One approach is to calculate the orbits of $W(A_8)$ on $W(E_8) / W(A_8)$.
I claim these orbits have sizes $1, 1, 84, 84, 560, 560, 630$.
Given this claim, it's straightforward to check. For any intermediate subgroup $G$, $G / W(A_8)$ must have an order a divisor of $1920$ and must be a union of these orbits, including $1$. We can't write $1920/2= 960$ as a sum of these numbers because $630+1+1+84+84$ is too small but including two of $560$, $560$, $630$ would be too big. We can't write $1920/3=640$ for similar reasons.
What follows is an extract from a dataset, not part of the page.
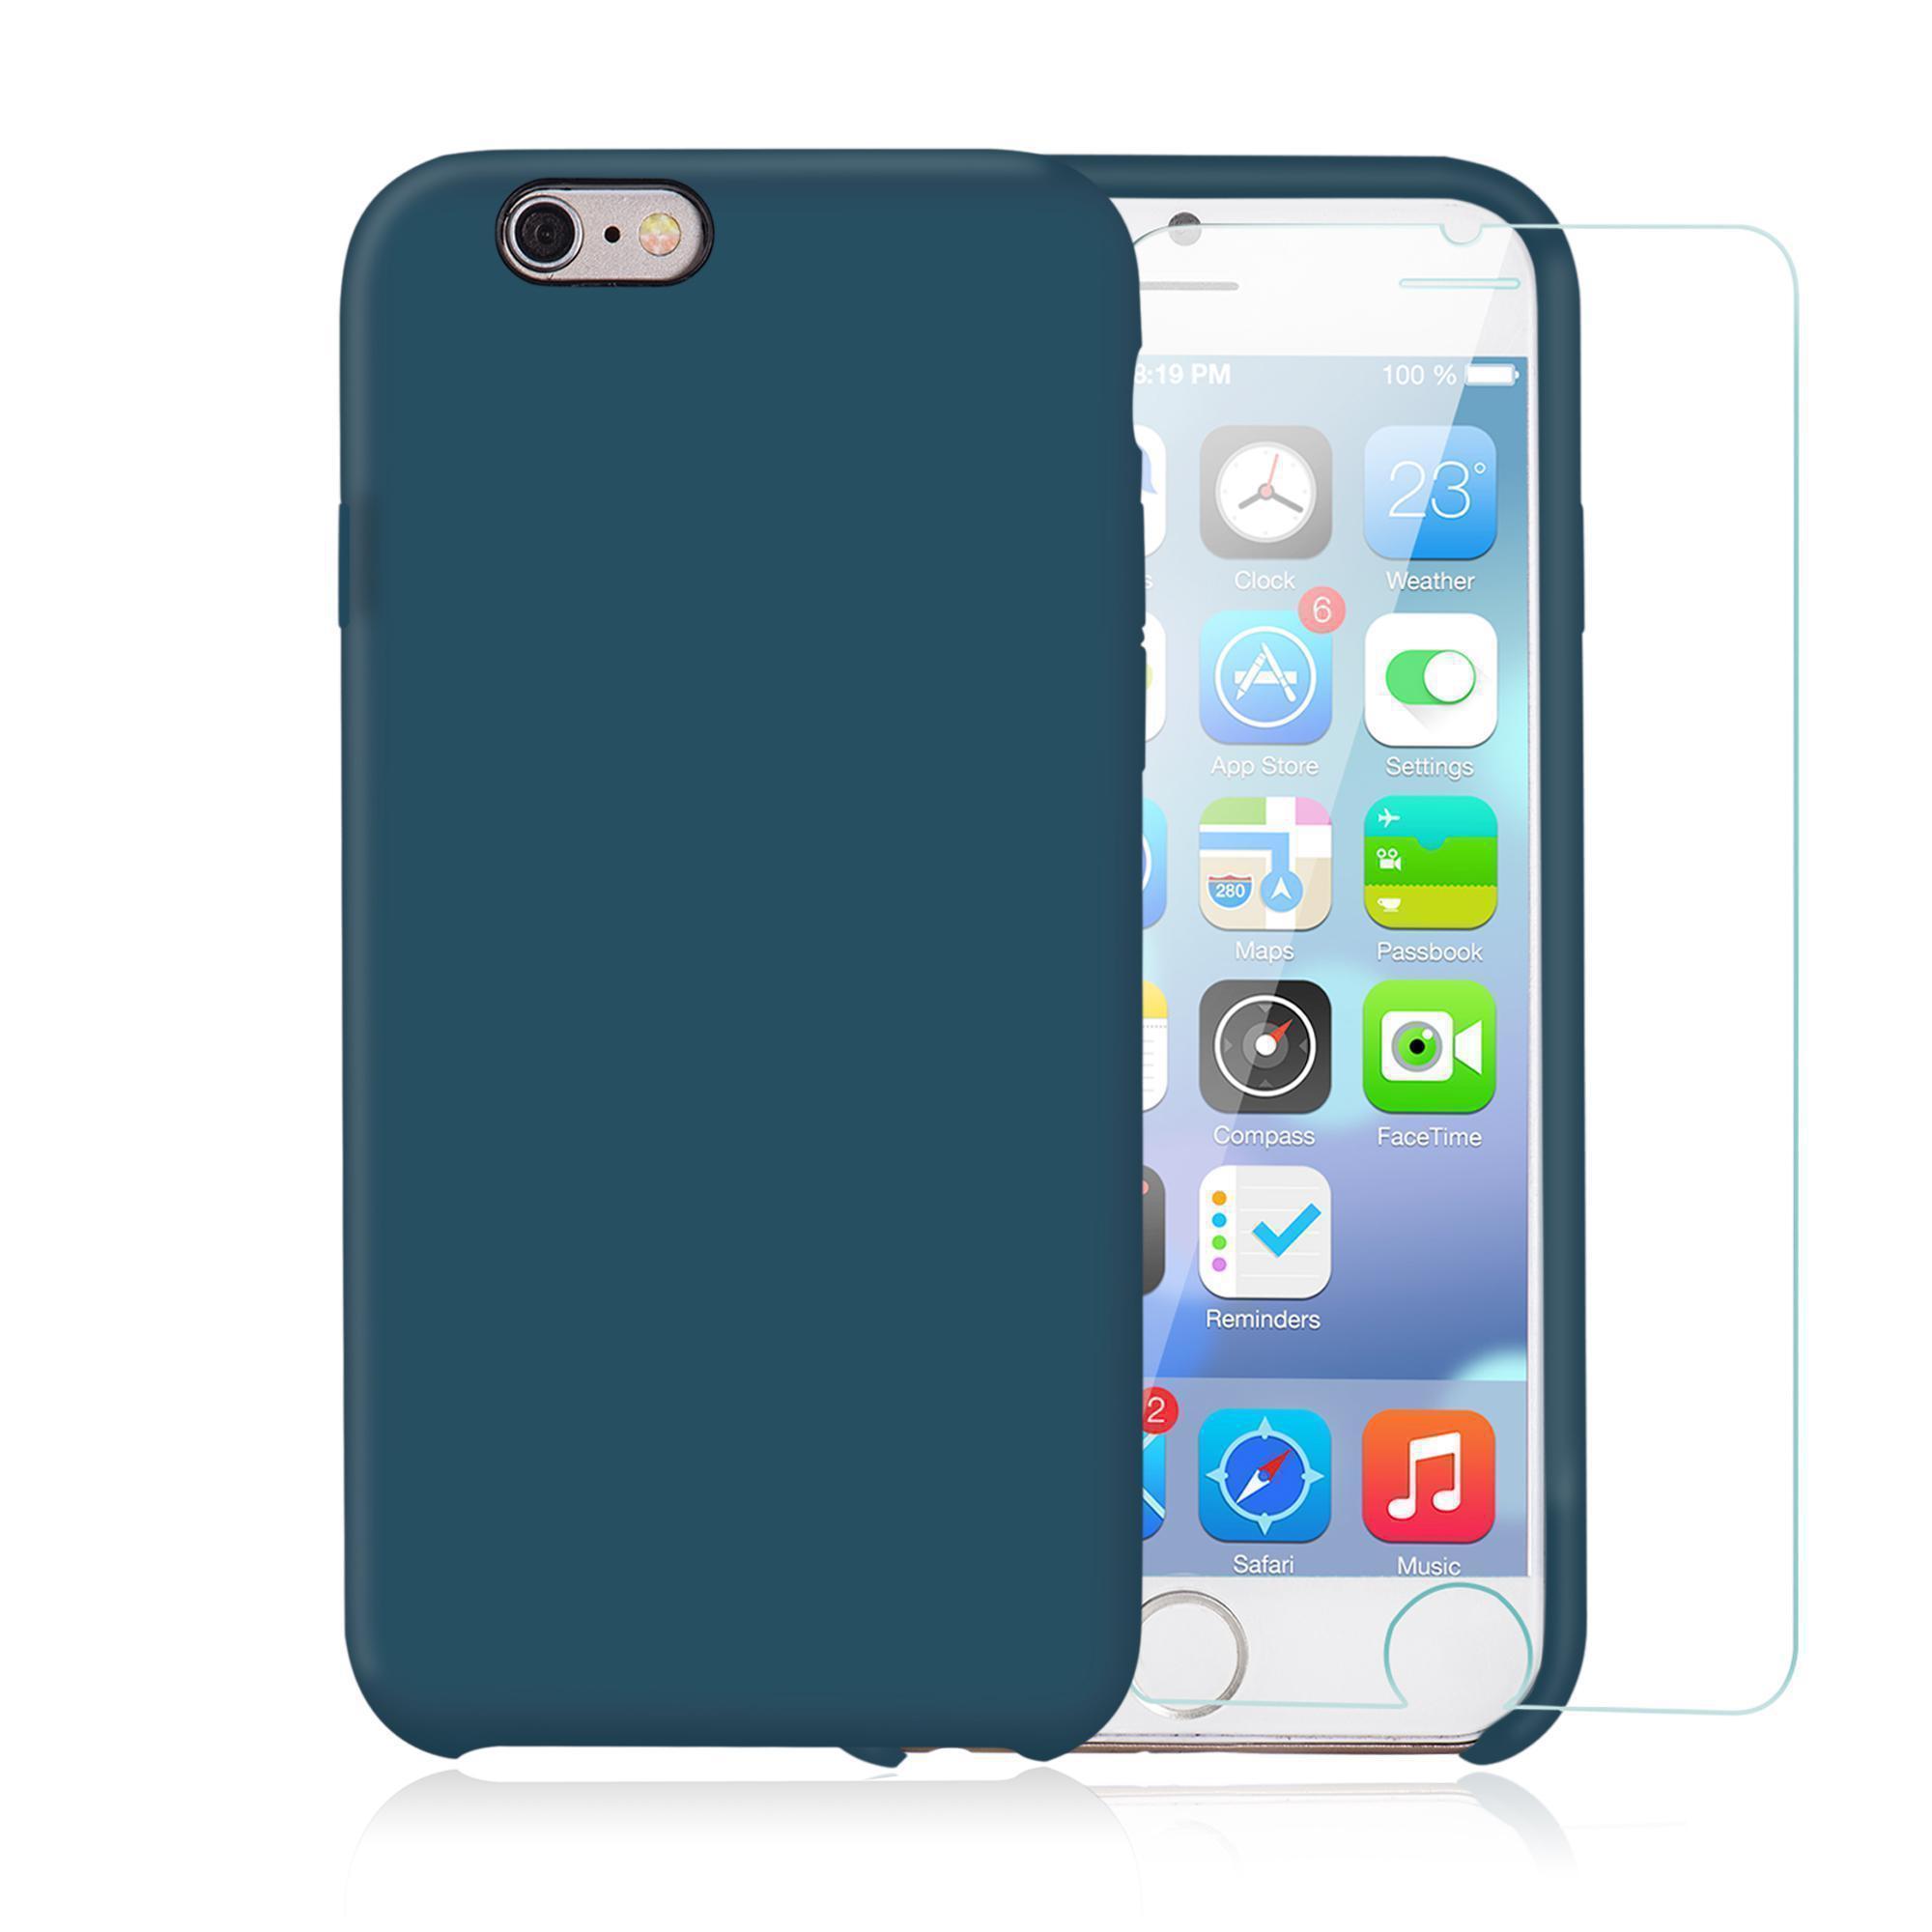 Capa e 2 películas de proteção iPhone 6 Plus/6S Plus - Silicone - Teal
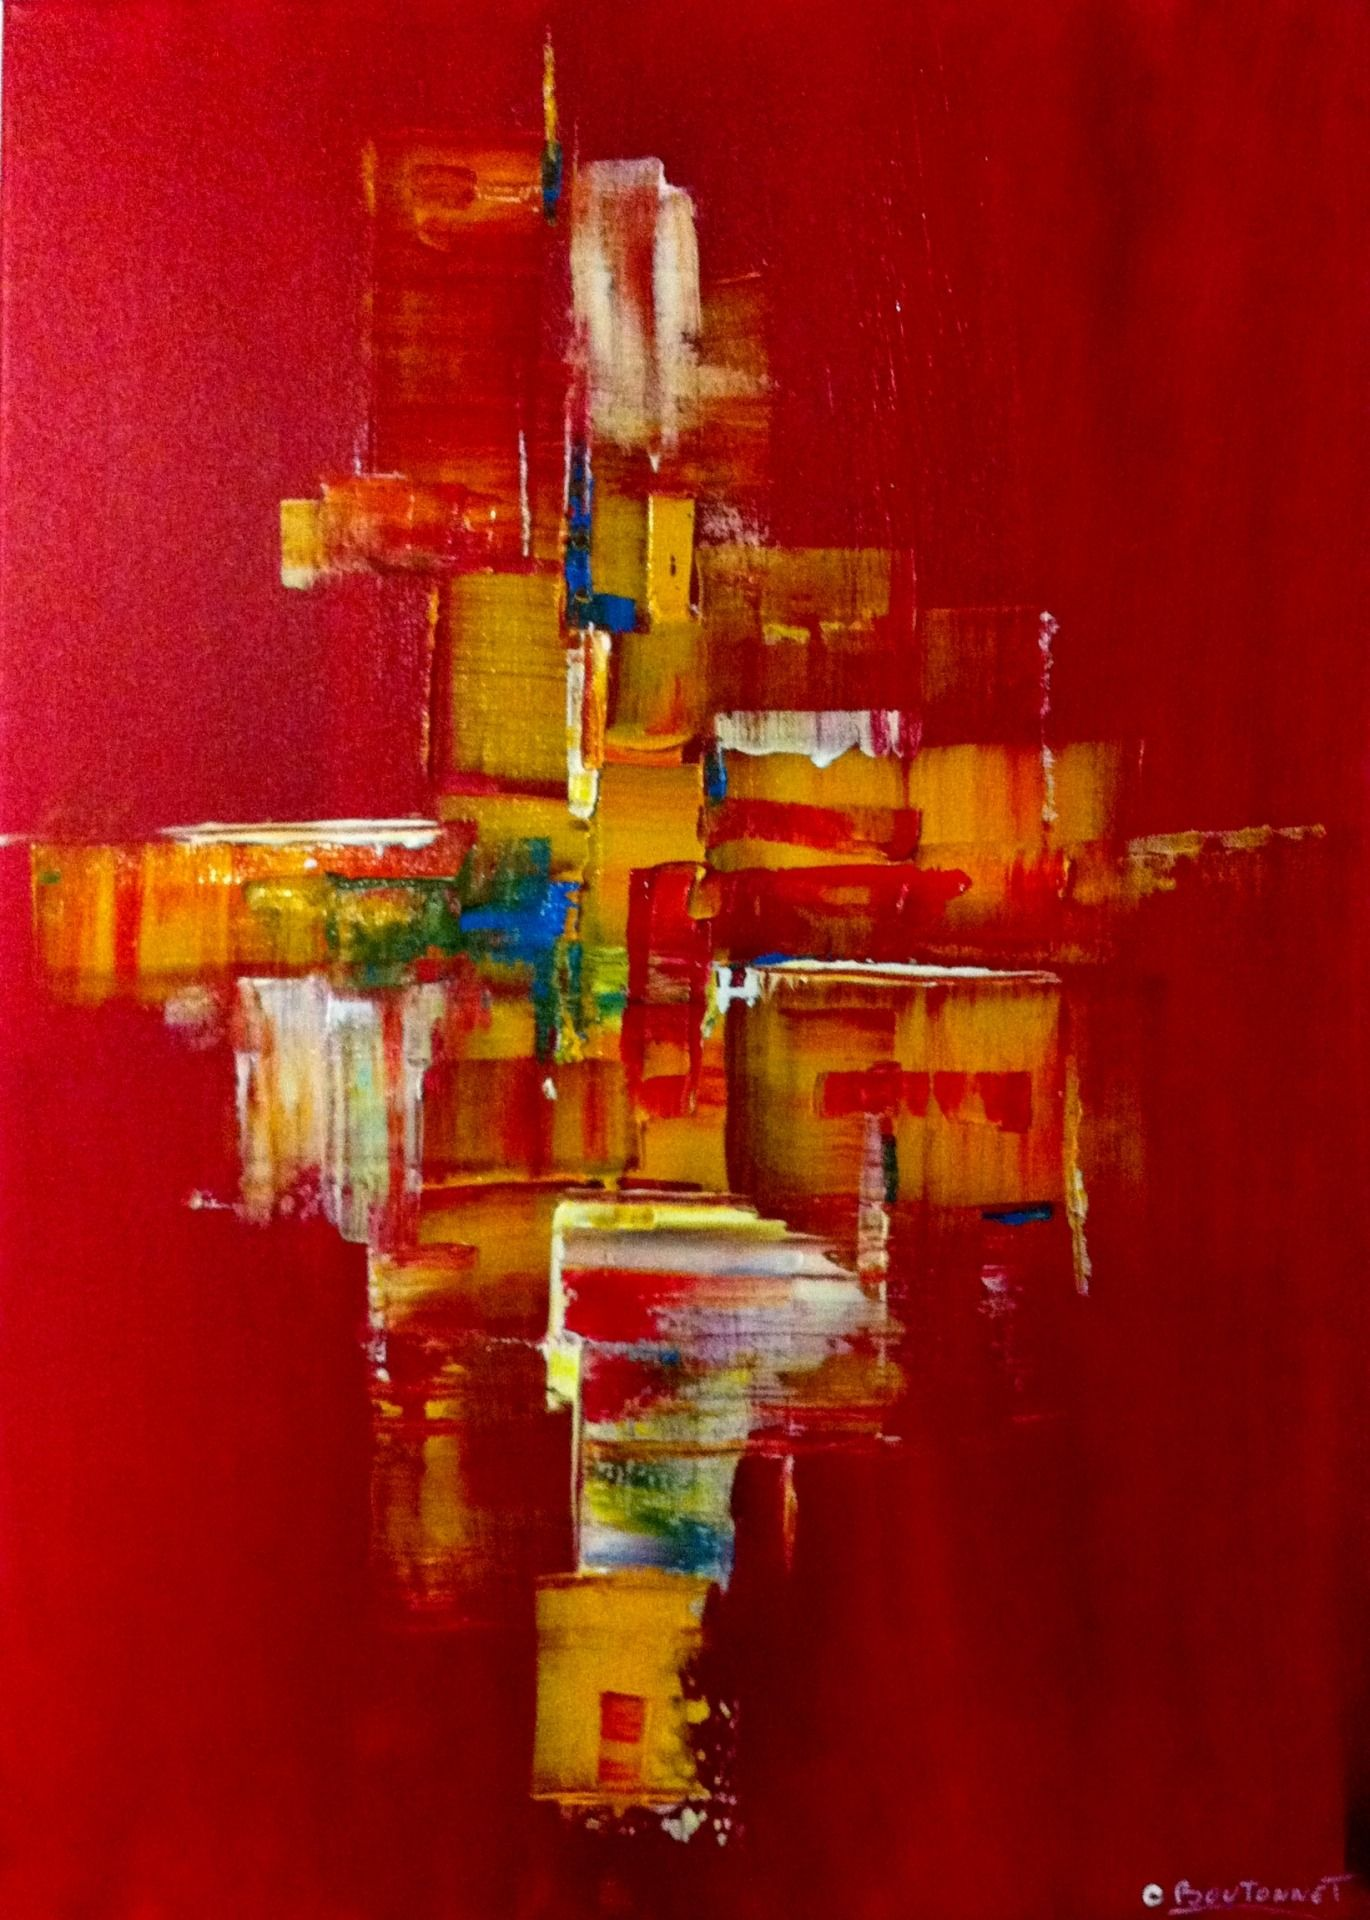 Tableau Peinture Acrylique Abstrait Art Contemporain Toile Jaune

Because $1920/4 =480<560$, the only remaining possibilities are $1$, $2$, $85$, $86$, $169$, $170$ and none of those is a divisor of $1920$ except $1$ and $2$, which correspond to $W(A_8)$ and its normalizer.
The way I calculated this involves observing that because the inclusion $W(A_8) \subset W(E_8)$ comes from viewing the lattice $A_8$ as an index $3$ sublattice of $E_8$, the kernel of a map $E_8 \to \mathbb Z/3$ arising by dot product with an element of $E_8$ mod $3$, we can represent $W(E_8)/W(A_8)$ as a $W(E_8)$-orbit inside $E_8$ mod $3$ — specifically, the elements with norm congruent to $2$ mod $3$ that aren't roots.
I then found all these elements in a model of $E_8$ on which $W(A_8)=S_9$ acts, i.e. vectors in $((1/3) \mathbb Z)^9$ that sum to zero, and calculated the $S_9$ orbits. They are
- $630$ permutations of $(0,1,1,1,1,-1,-1,-1,-1)$
- $1$ permutation of $(1/3,1/3,1/3,1/3,1/3,1/3,1/3,1/3,1/3)$ (after subtracting $3$ from one entry — mod $3E_8$, it doesn't matter which one)
- $84$ permutations of $(1/3,1/3,1/3, -2/3,-2/3,-2/3,-2/3, -2/3, -2/3)$ (after adding $3$ to one entry)
- $560$ permutations of $(4/3, 4/3, 4/3,-2/3,-2/3,-2/3,1/3,1/3, 1/3) $ (after subtracting $3$ from one entry)
- and the negations of the last three orbits.